August 1690

August ye 1st. Some raine. I gave in my petition to ye Comrs [Commissioners]. Ye K[ing] went to ye camp, which is on its march to Limrick.

Ye 2d. Very fayre. We arriv’d before Limrick after beating ye enemy out of all ye feilds and ditches. I went to Dubber on ye 3d, and on

Ye 4th I went to Sr Rich B: to Raboth. Nothing materall till ye loth. I went to Clontarfe: din’d there, and went to Dubber.

[‘No entries between the 4th and the 11th.’]

Ye 11th. I went to cousen Swans, and stay’d most of ye day. This night about 12 a clock Sarsfield wth a party of horse seized our great guns att Cullen, and spoyld our boates; but 6 of 8 guns were againe recover’d. Women and children kill’d by ye enemy.

[No entries between the 11th and the 17th.]

Ye 17th. Still fayr weather. We opened ye trenches this night, and beat ye enemy out of several forts and sconces, and in one fort we kill’d 80; Kirke giving them the same quarter wch they gave our waggoners.

Ye 18th. This night by mistake our men fell foul on each other, and fir’d and kill’d about 20. Ye enemy made a sally, but were repulls’d wth considerable loss.

Ye 19th. Our men reliev’d theyr guards about 4 in ye afternoone, to prevent ye inconvenience of last night’s mistake, occasioned by ye darkness of ye night.

Ye 20th. In ye morning we batter’d ye remaining fort ye enemy were possess’t of wthout theyr counterscarp. About 2 in ye afternoon we storm’d it wth a detachment of Grenadiers, who wthin halfe an houre tooke it, putting 1 50 to the sword, sparing only theyr Capt Barrett, by ye Ks [King’s] order. About 5 ye enemy made a vigorous sally wth ye best of theyr force, both horse and foote, and after near an houre’s dispute were beaten into ye town, leaving 500 dead in ye place.

[‘No entry for the 21st.’]

Ye 22th. About 5 this morning ye enemy made another sally; but theyr last loss and defeat made them more wary, and retir’d in less than a quarter of an hour wth some loss.

[‘No entries between the 22nd and the 27th.’]

Ye 27th. This day ye King order’d counterscarp to be storm’d, which our men did wth great bravery, and beat ye enemy into ye town, after whom our men, pursuing too farr, severall both officers and soldiers were kill’d, by the springing up of severall mines, and ye rest forc’d to retire. This day I returned home.
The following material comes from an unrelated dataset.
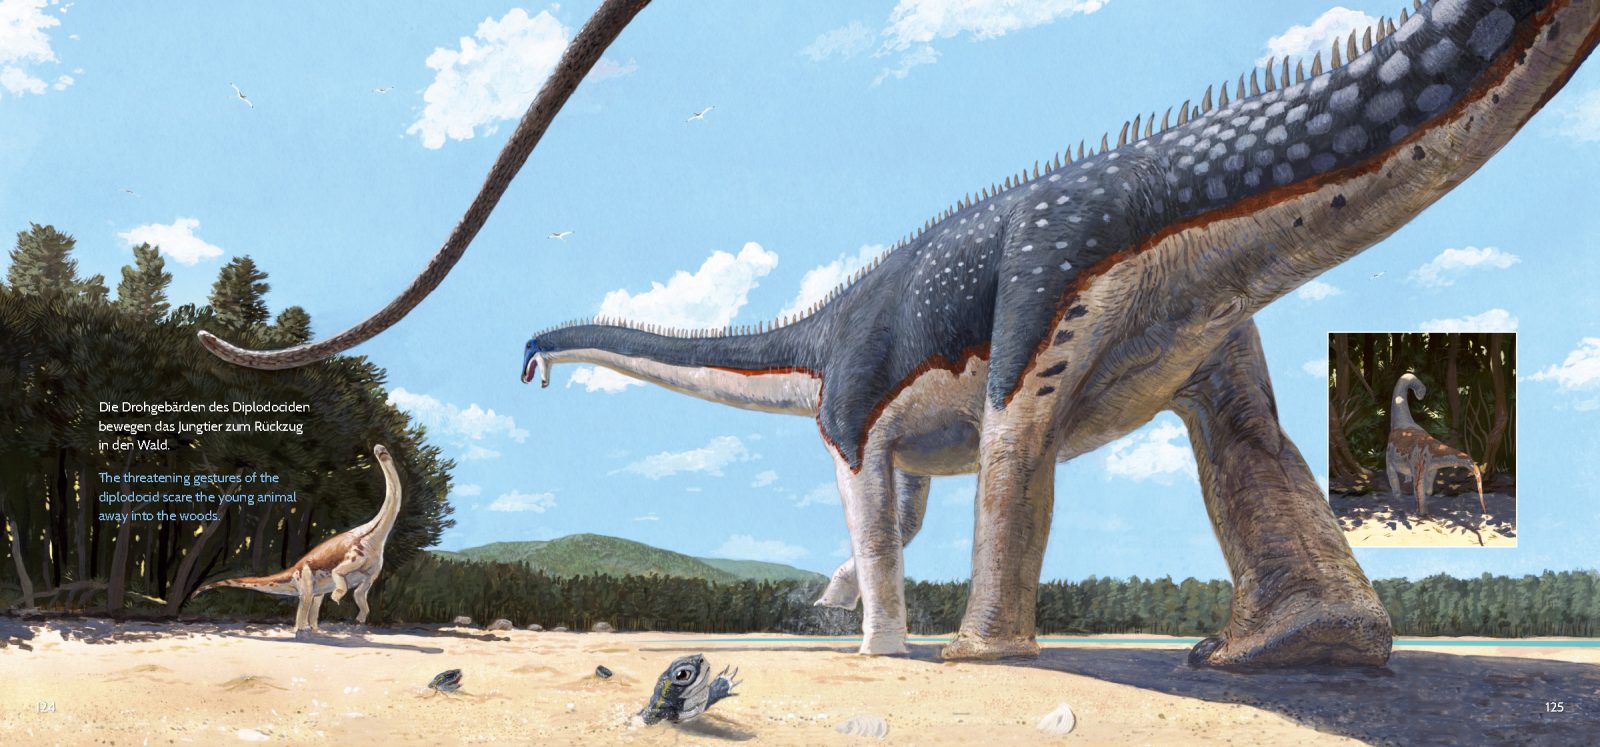 Diplodocid from Europasaurus

[‘No entry for the 28th.’]

Ye 29th. The King designed to storme ye town [Limerick] this day; but, the raines falling so heavily these 2 dayes past and the trenches so full of water, it was thought fitter to raise ye seige. This day Mr. Fowkes dy’d.

Ye 30th. Mr. Fowkes was buryd att Ardee. This morning our army decamp’d from before Limrick, and ye King went to Waterford, in order to embarque for England.